** Opening The data block **

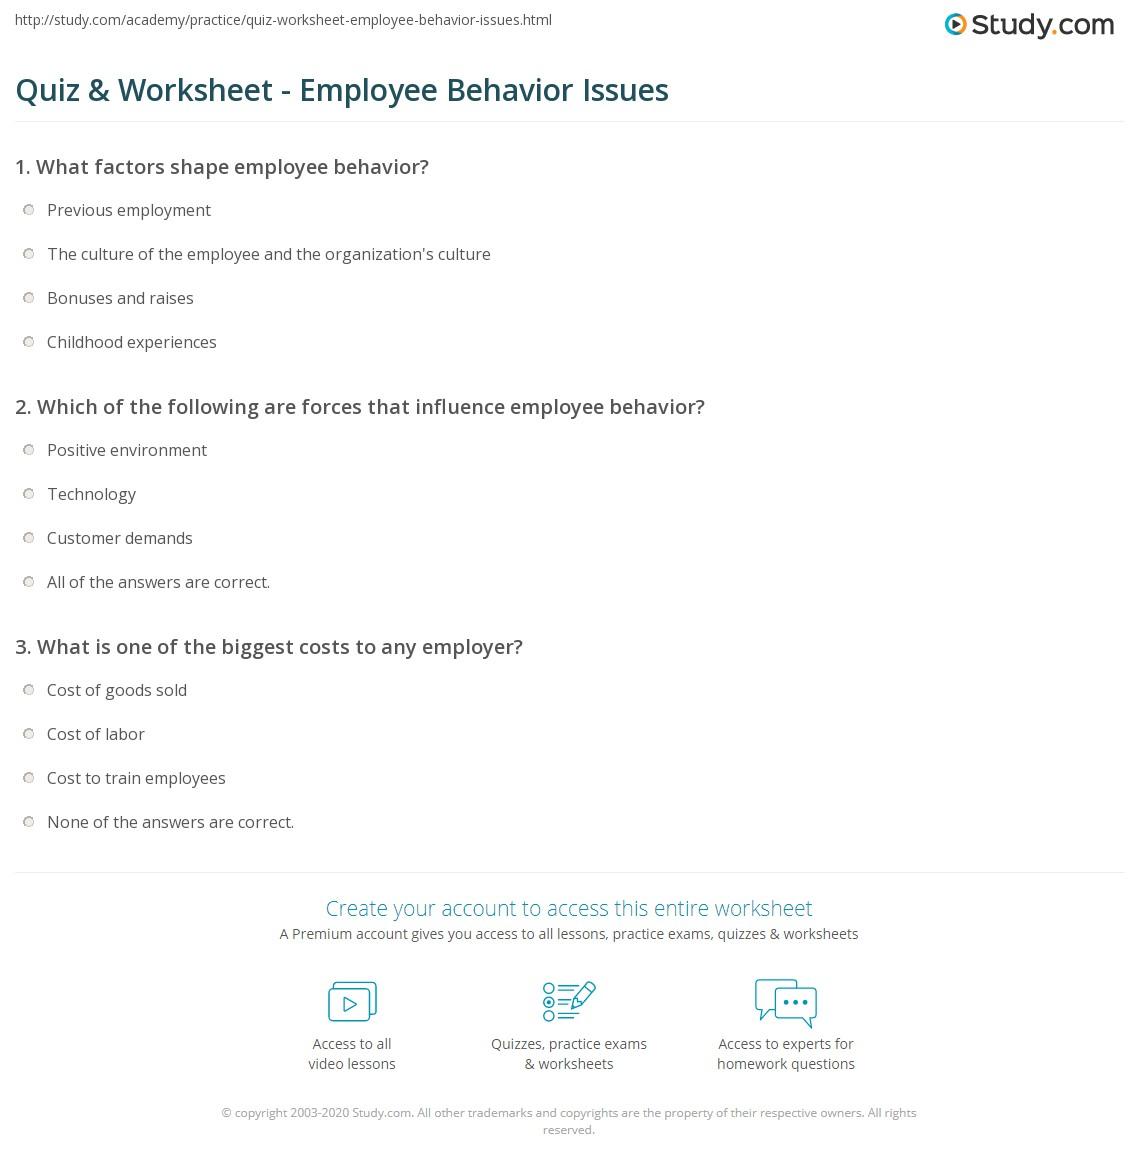 quiz worksheet employee behavior issues com print employee behavior definition issues expectations worksheet
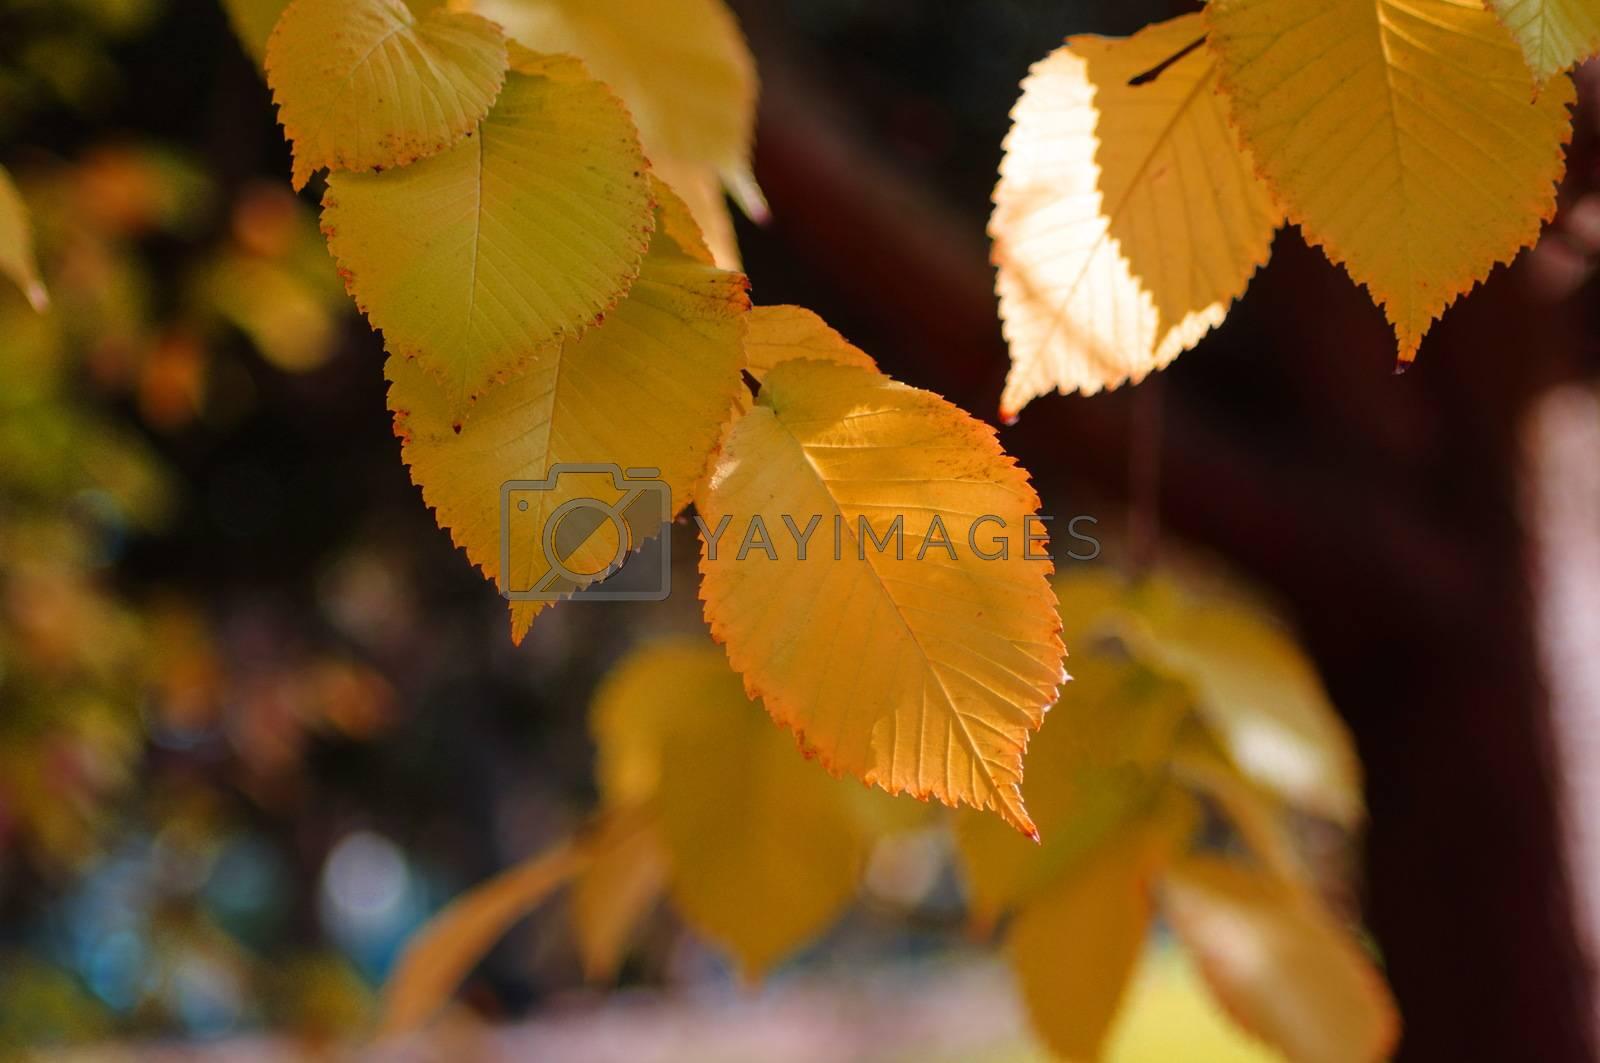 closeup of the autumn leaves
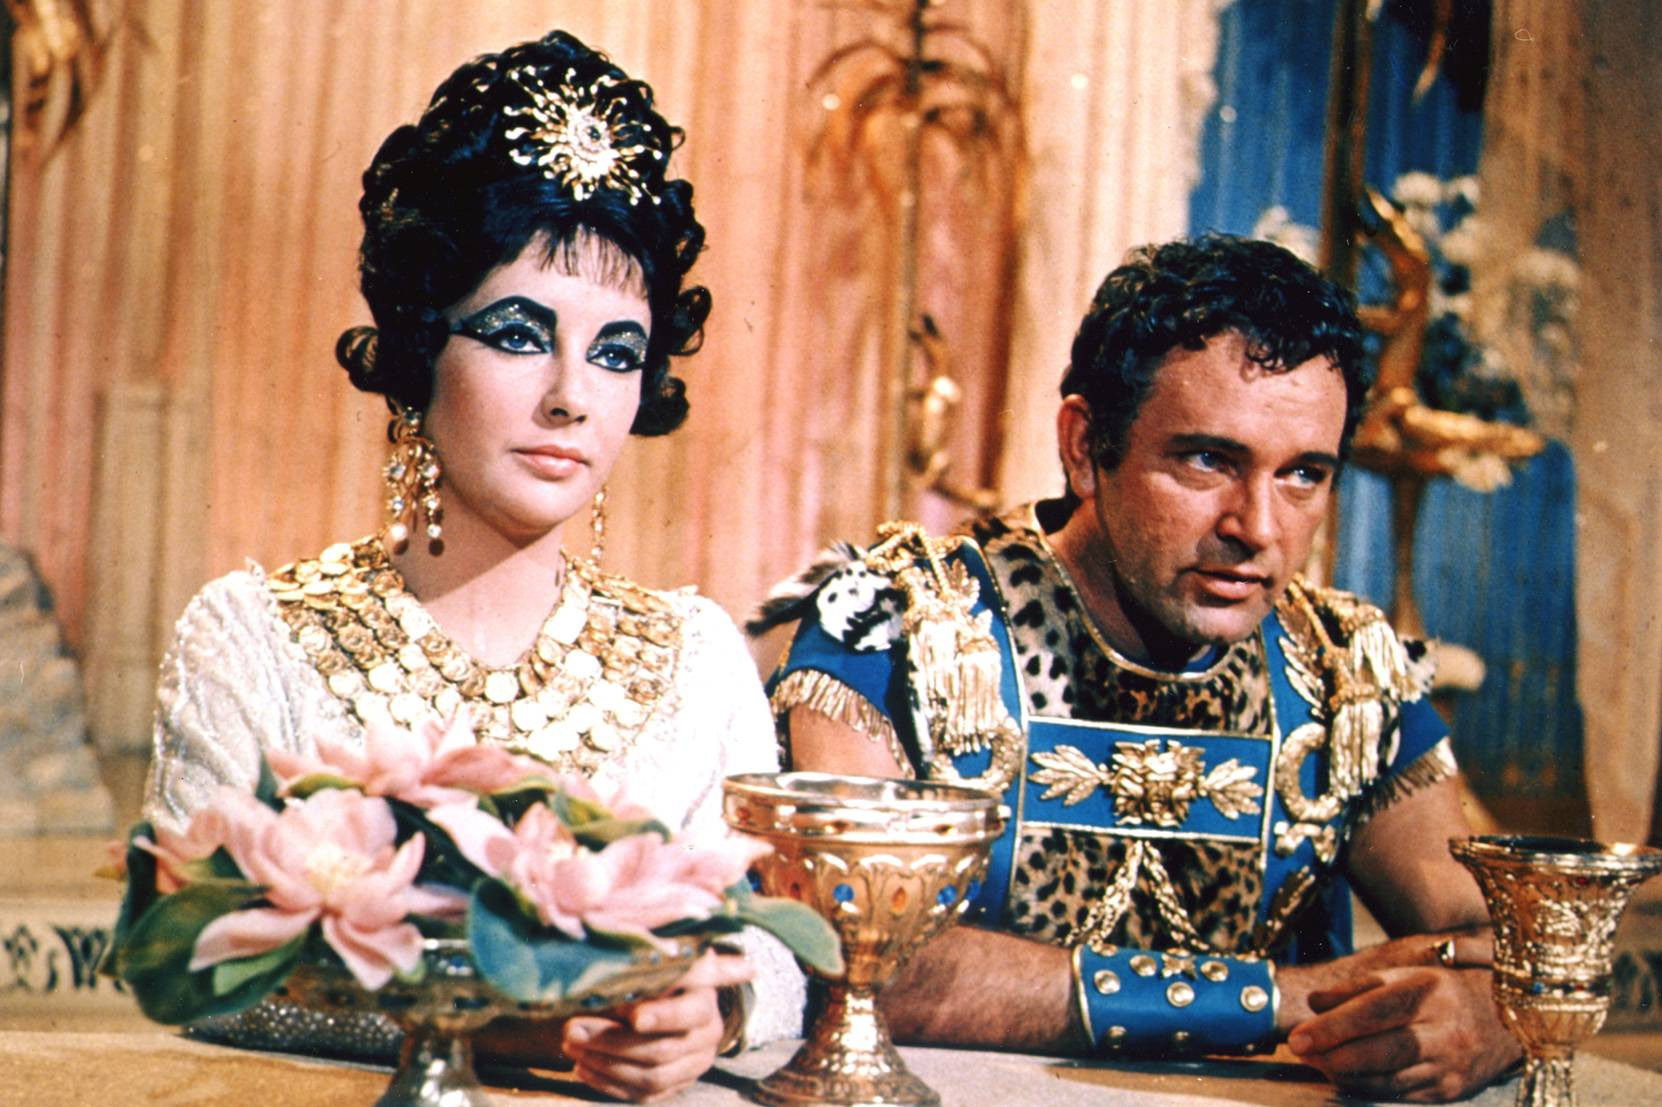 cleopatra-1963-elizabeth-taylor-16282265-1662-1107.jpg

** Closing The data block **

— Directions for this task —
Print the listing word for word, but omit the pictures.

— Task output —
 quiz worksheet employee behavior issues com print employee behavior definition issues expectations worksheet
 closeup of the autumn leaves
 cleopatra-1963-elizabeth-taylor-16282265-1662-1107.jpg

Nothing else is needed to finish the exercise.